# First Injected Turkey.....Could use some help



## BandCollector (Nov 16, 2009)

Looking to smoke a turkey this Thanksgiving and have heard that injecting the bird results in a great tasting moist bird............That's for me!

Can anyone help with any super injection recipes?

Thanks,  John


----------



## bmudd14474 (Nov 16, 2009)

I havent injected too many times so I am not a great help here. I usually brine and it turns out great.  Check this link out. I hear its great. I will be trying it this year. http://www.smokingmeatforums.com/for...20&postcount=3


----------



## fire it up (Nov 16, 2009)

I can also vouch for Tip's injection recipe, good stuff.

Also popular is injecting with cajun seasoning and butter, or you could do a honey injection or a savory herb and butter injection.


----------



## richoso1 (Nov 16, 2009)

What he said works for me.


----------



## BandCollector (Nov 16, 2009)

These sound good.......Can you offer any amounts for the ingredients?

Thanks,  John


----------



## beer-b-q (Nov 17, 2009)

I use Cajun Injector Marinades and really like them, they can be found in most grocery stores also...

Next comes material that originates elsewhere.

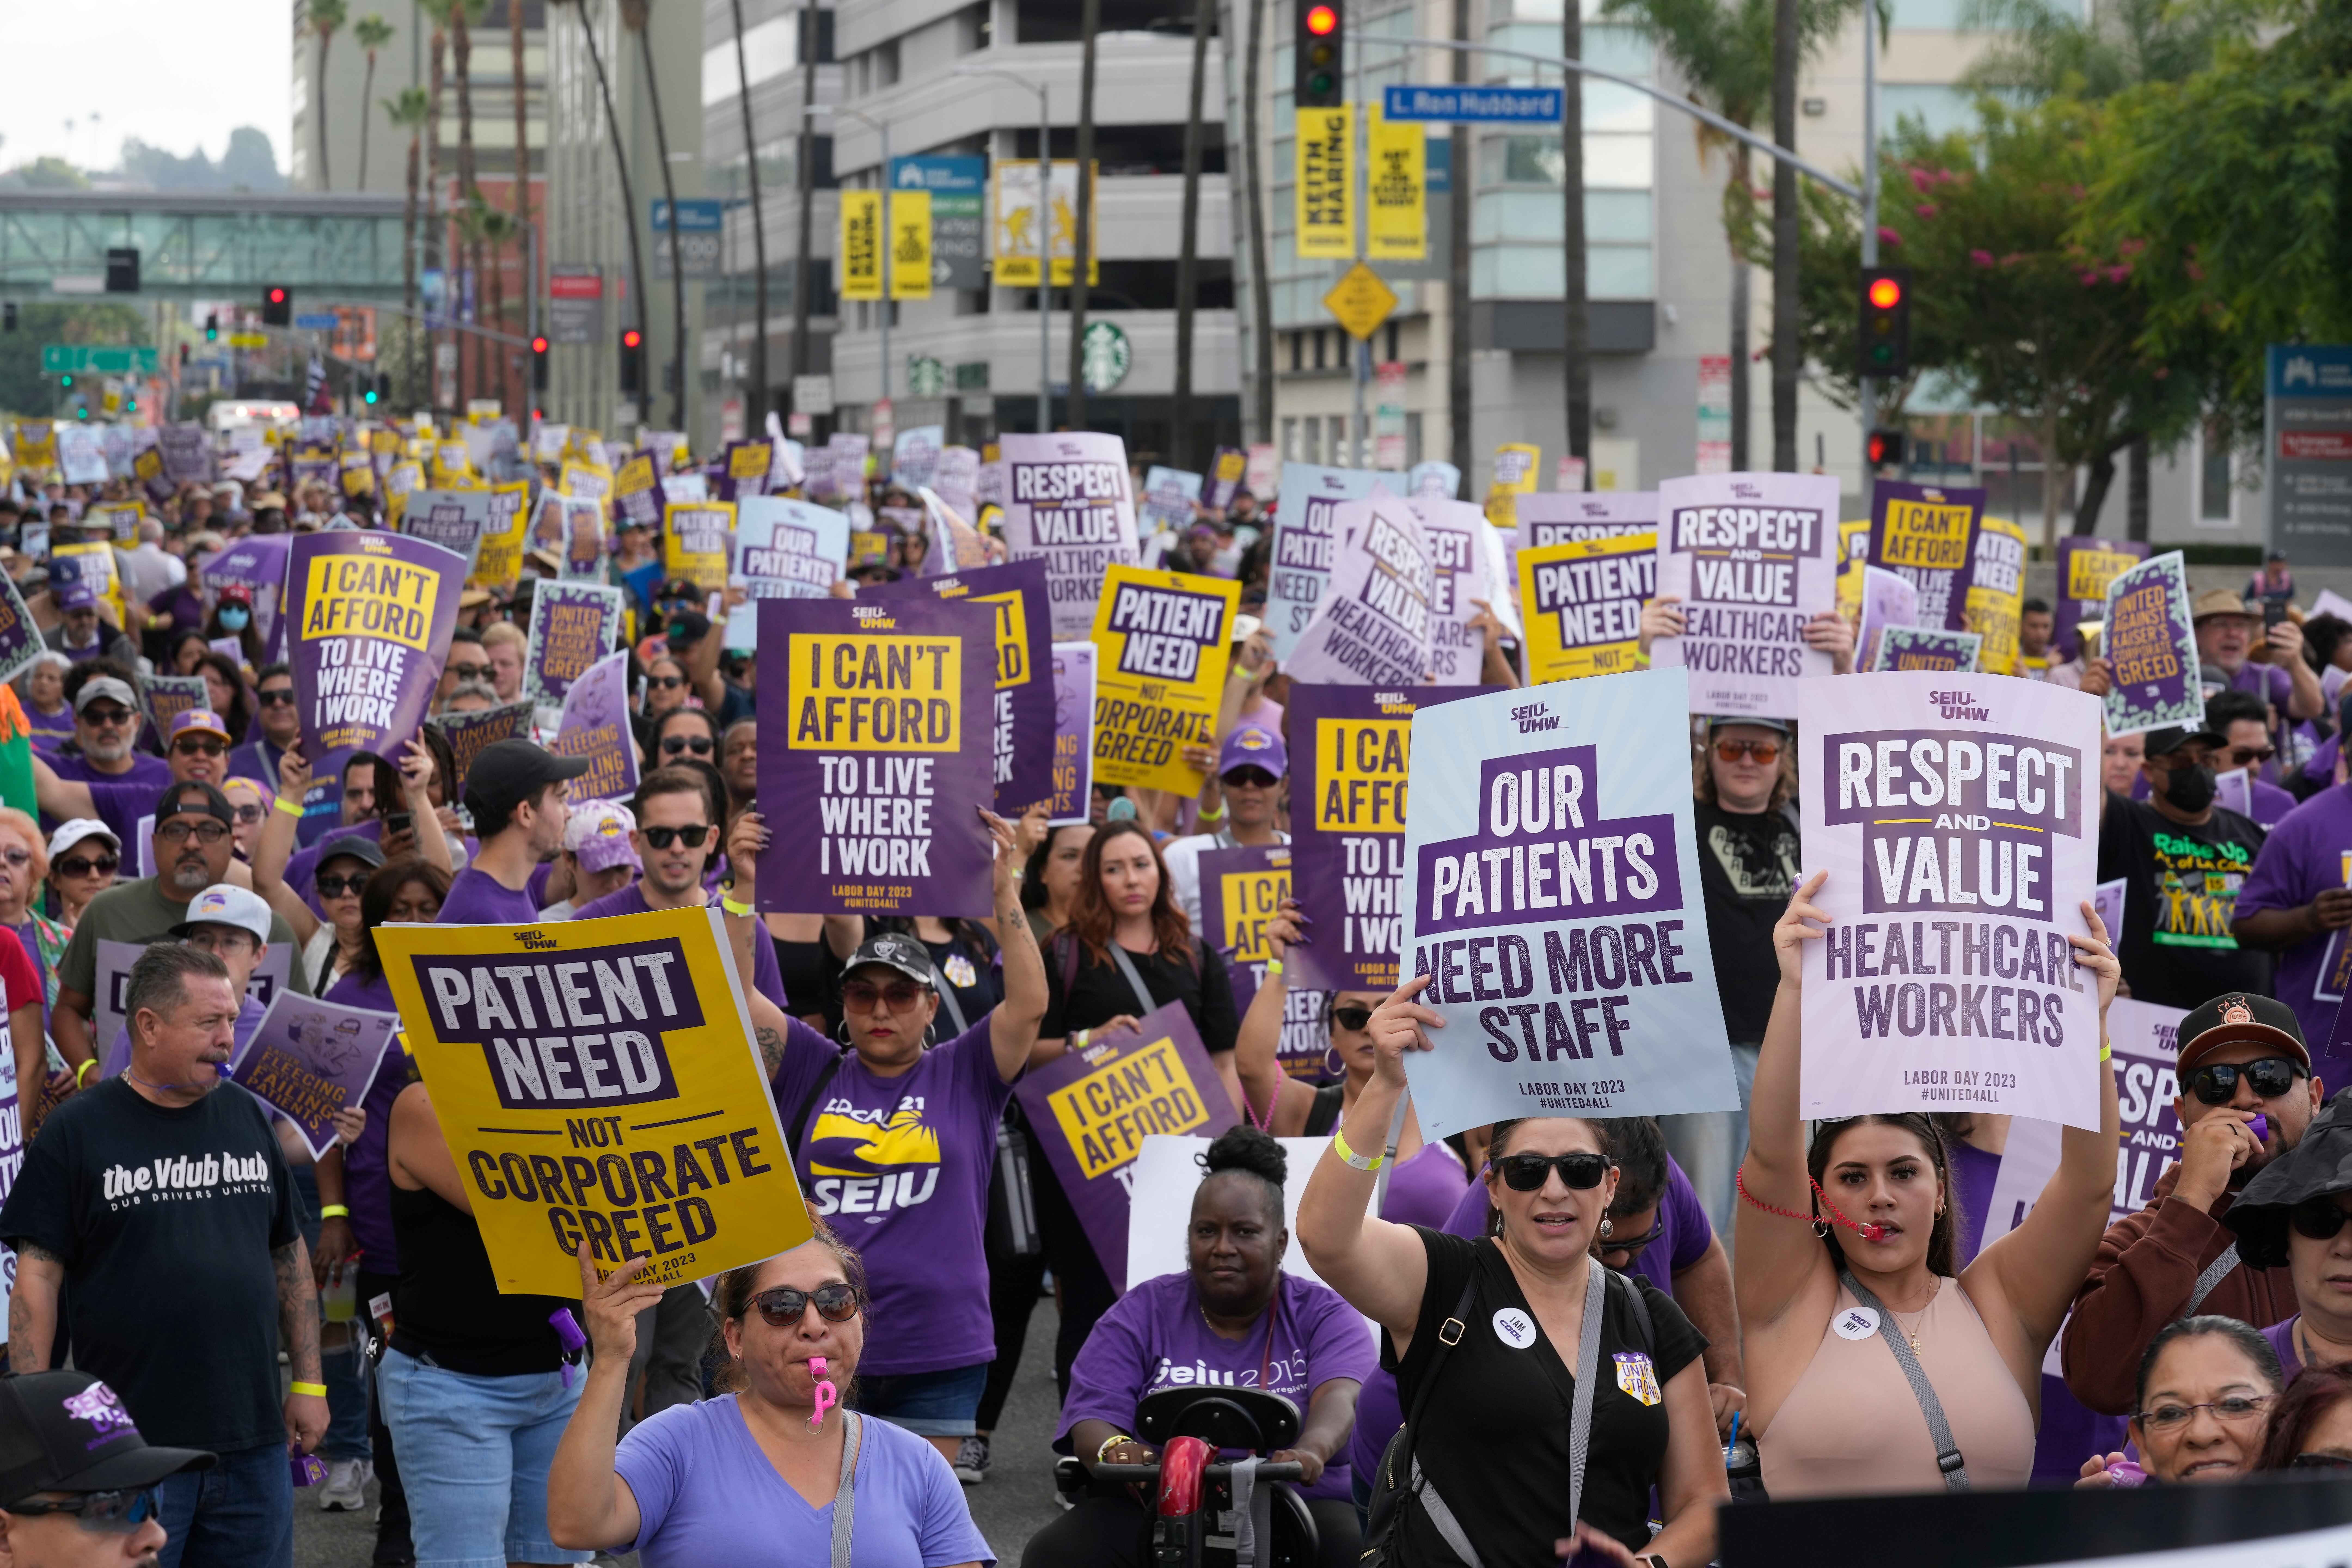 California's healthcare and food industry workers could receive more pay after the state legislature approved a measure to raise their minimum wage to $25 per hour. AP Photo/Damian Dovarganes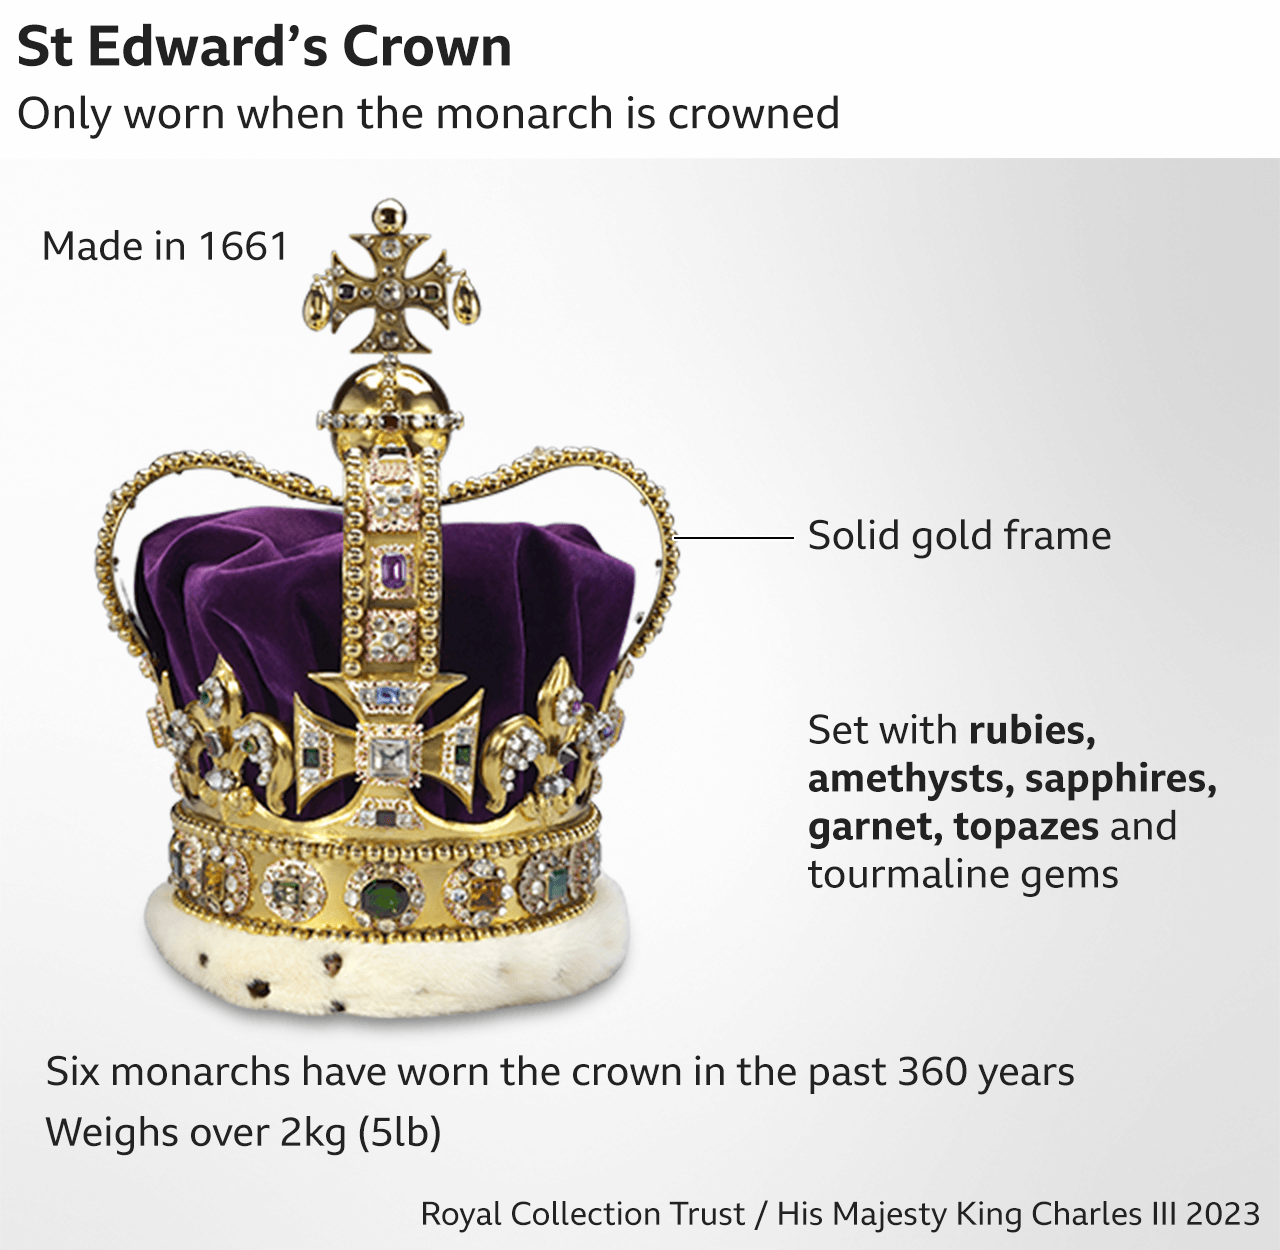 Graphic of St Edward's Crown which weighs over 2kg - it has a solid gold frame and is decorated with rubies, amethysts, sapphires, garnet and topazes

http://www.cajuninjector.com/cajun-i...injectors.html


----------



## BandCollector (Nov 17, 2009)

Thanks to all that replied.......I will give the Cajun Marinades and Injectors  a look.

Thanks again,  John


----------



## mballi3011 (Nov 17, 2009)

I have injected a many of turkeys too but not for smoking but they were for fring the birds and it works. I have usually used that cajun butter injection many of times and it's good. Now Jim (fire it up) has injected many birds he said before smoking and I'm doing several birds this year and I will try aleast one if not more with this injection. So go for it and let us know.


----------



## bassman (Nov 17, 2009)

I agree with using cajuninjector marinades.  The Creole butter is probably the best for turkey.  I have used these for many years with great success.


----------